Segment Open

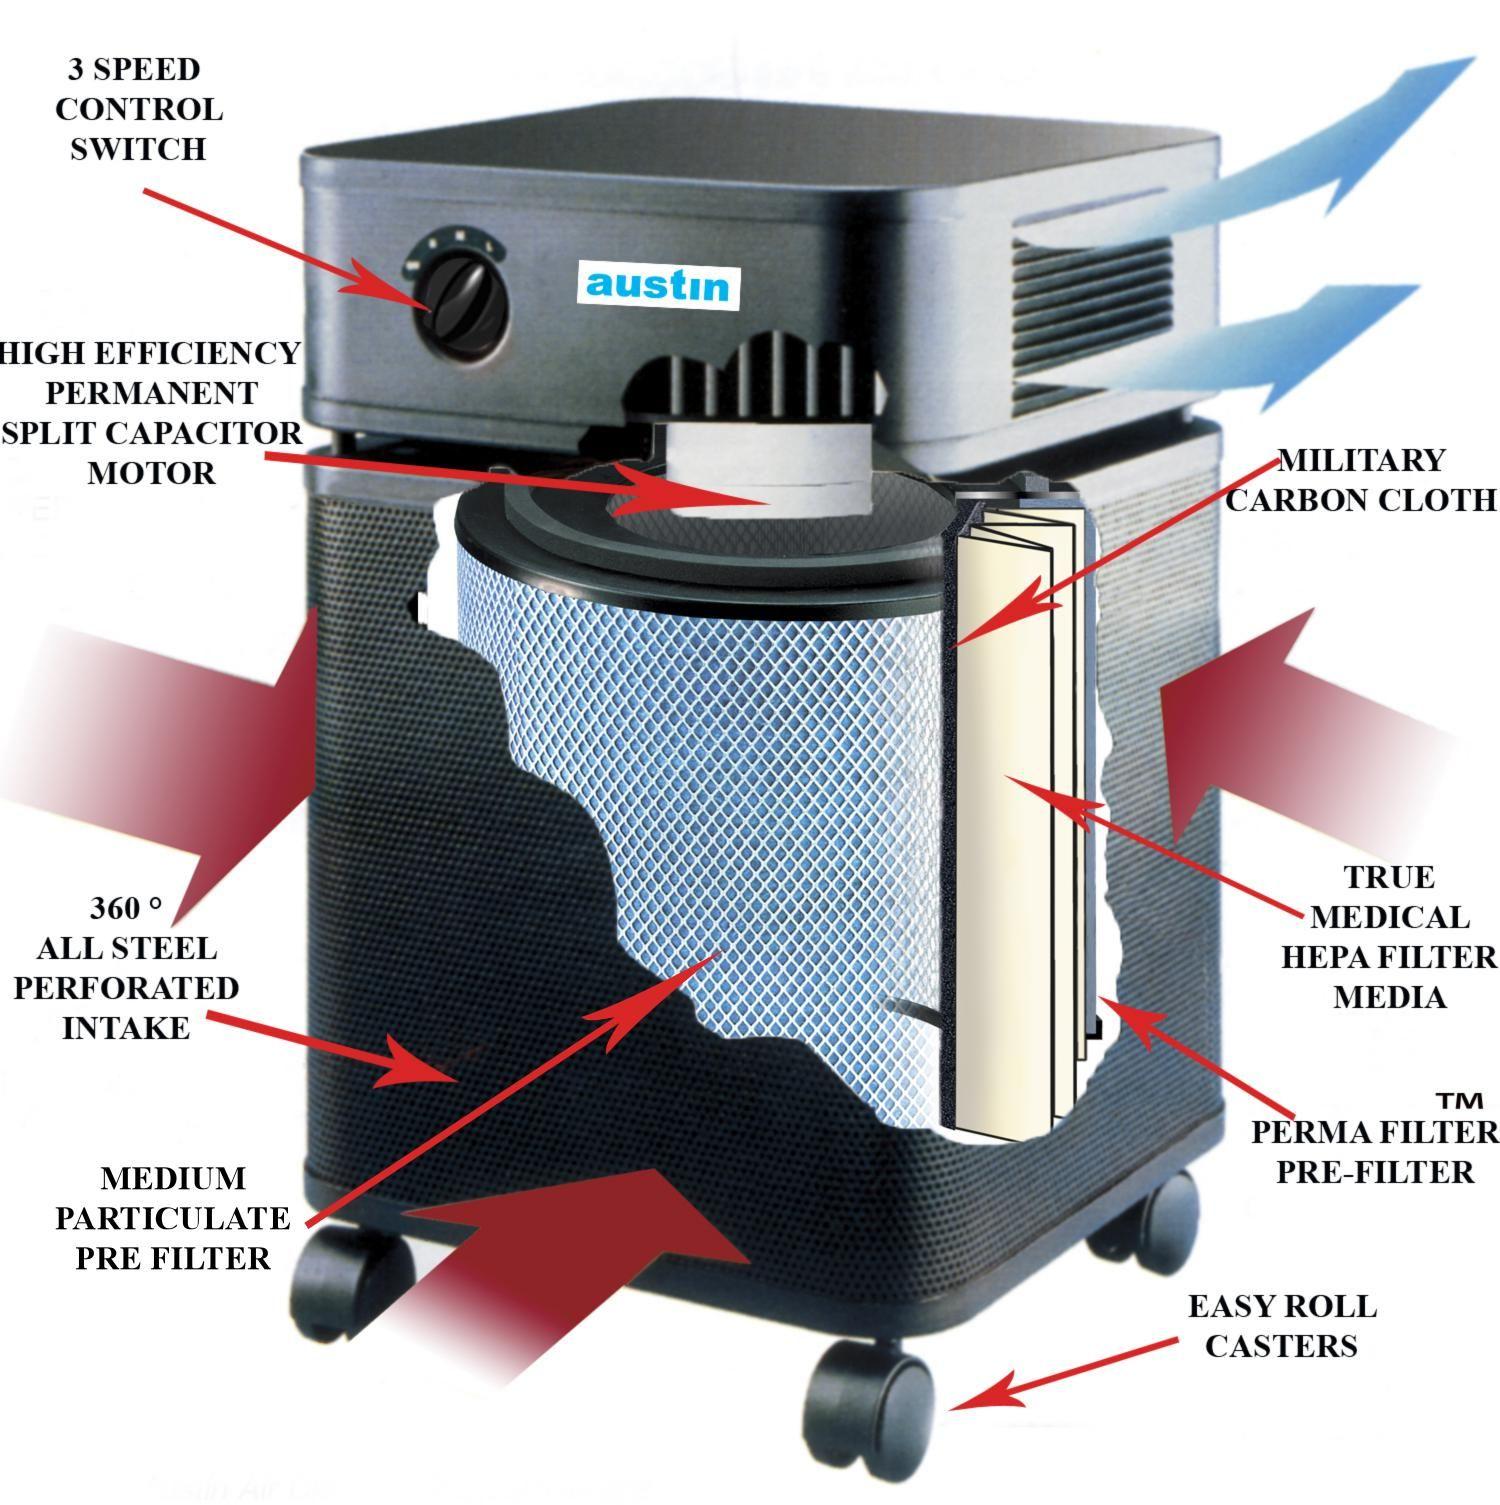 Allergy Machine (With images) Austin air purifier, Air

Segment Closed
Segment Open

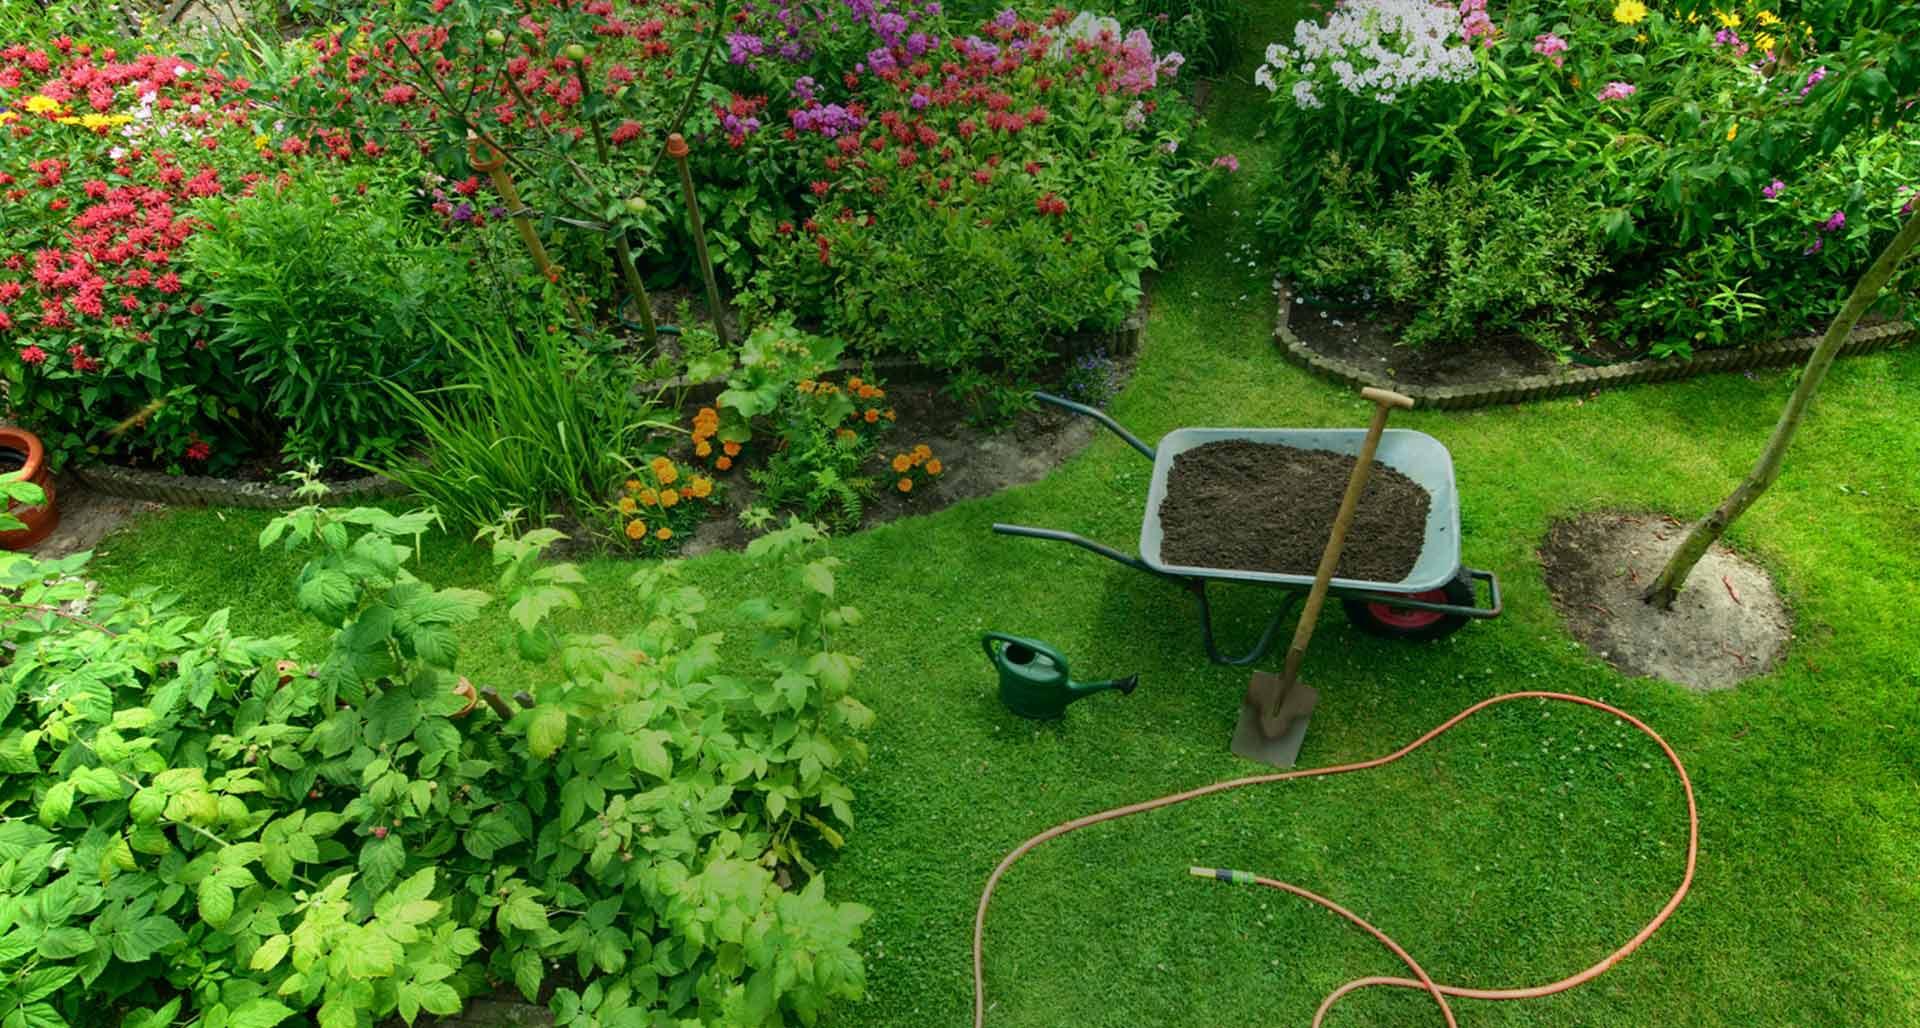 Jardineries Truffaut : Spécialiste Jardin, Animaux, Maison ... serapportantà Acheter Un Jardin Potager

Segment Closed
Segment Open

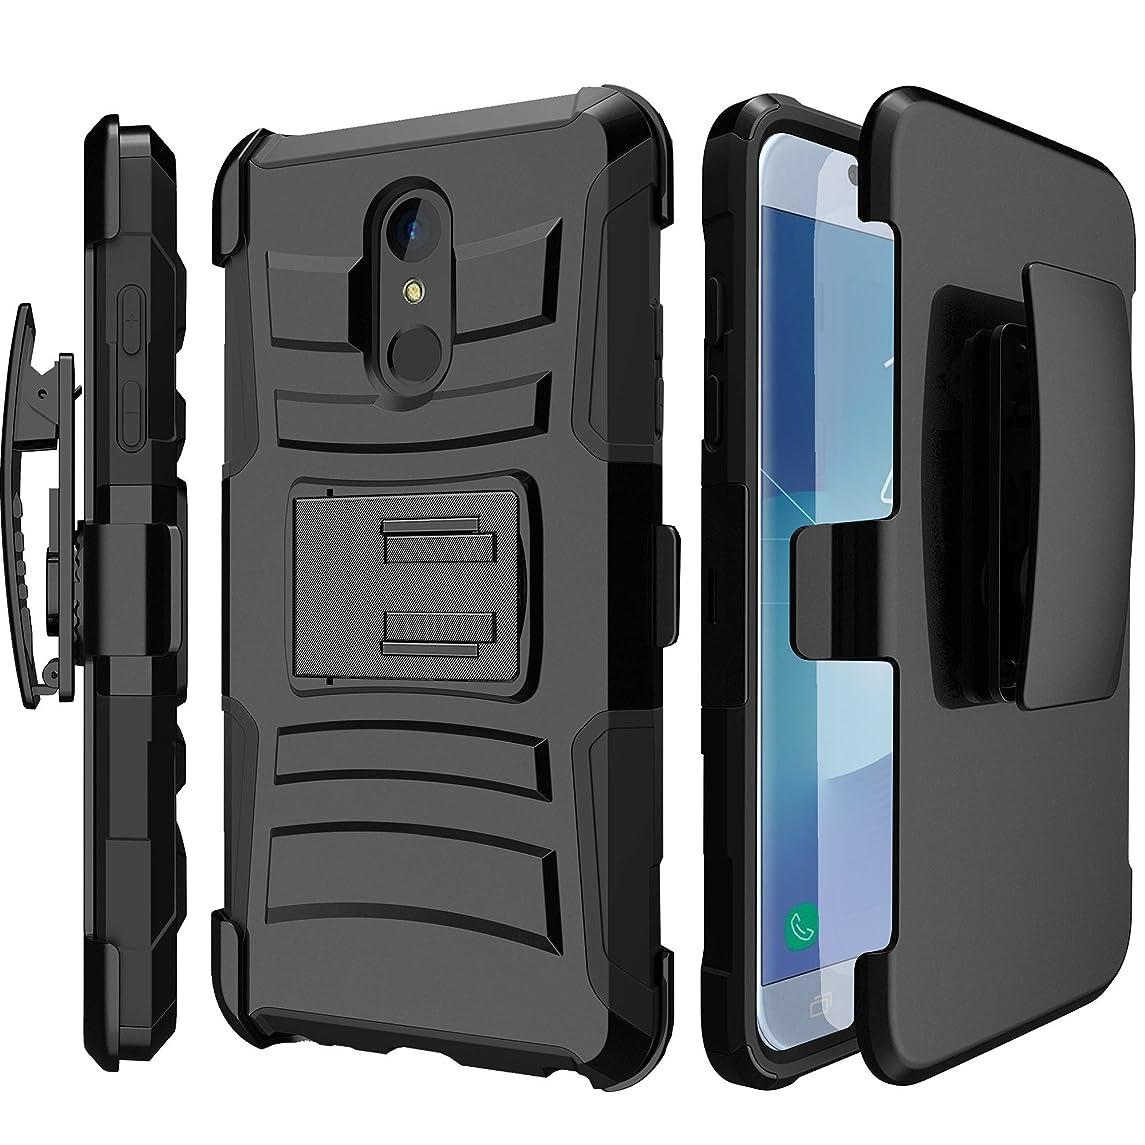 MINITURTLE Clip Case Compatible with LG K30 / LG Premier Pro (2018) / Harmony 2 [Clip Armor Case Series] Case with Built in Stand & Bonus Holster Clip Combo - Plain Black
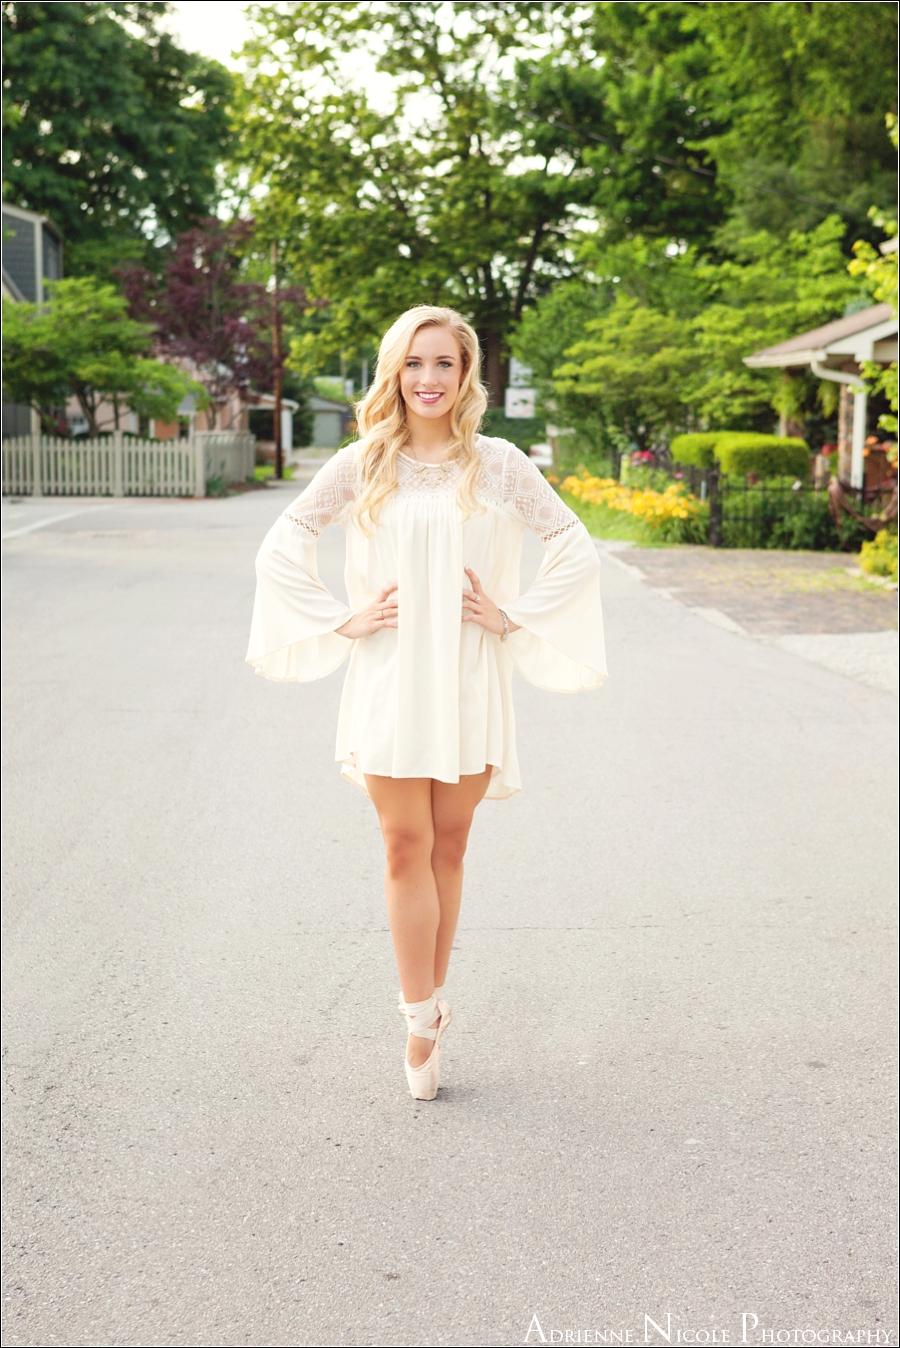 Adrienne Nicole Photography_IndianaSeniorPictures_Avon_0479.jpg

Segment Closed

**DIRECTIONS FOR THIS TASK**:
What you return must match the lines above from the one with "MINITURTLE Clip Case" through the one with "Adrienne Nicole Photography_IndianaSeniorPictures_Avon_0479.jpg" exactly, with both ends included and the pictures excluded.

**ANSWER TO THE PROBLEM**:
 MINITURTLE Clip Case Compatible with LG K30 / LG Premier Pro (2018) / Harmony 2 [Clip Armor Case Series] Case with Built in Stand & Bonus Holster Clip Combo - Plain Black
 Adrienne Nicole Photography_IndianaSeniorPictures_Avon_0479.jpg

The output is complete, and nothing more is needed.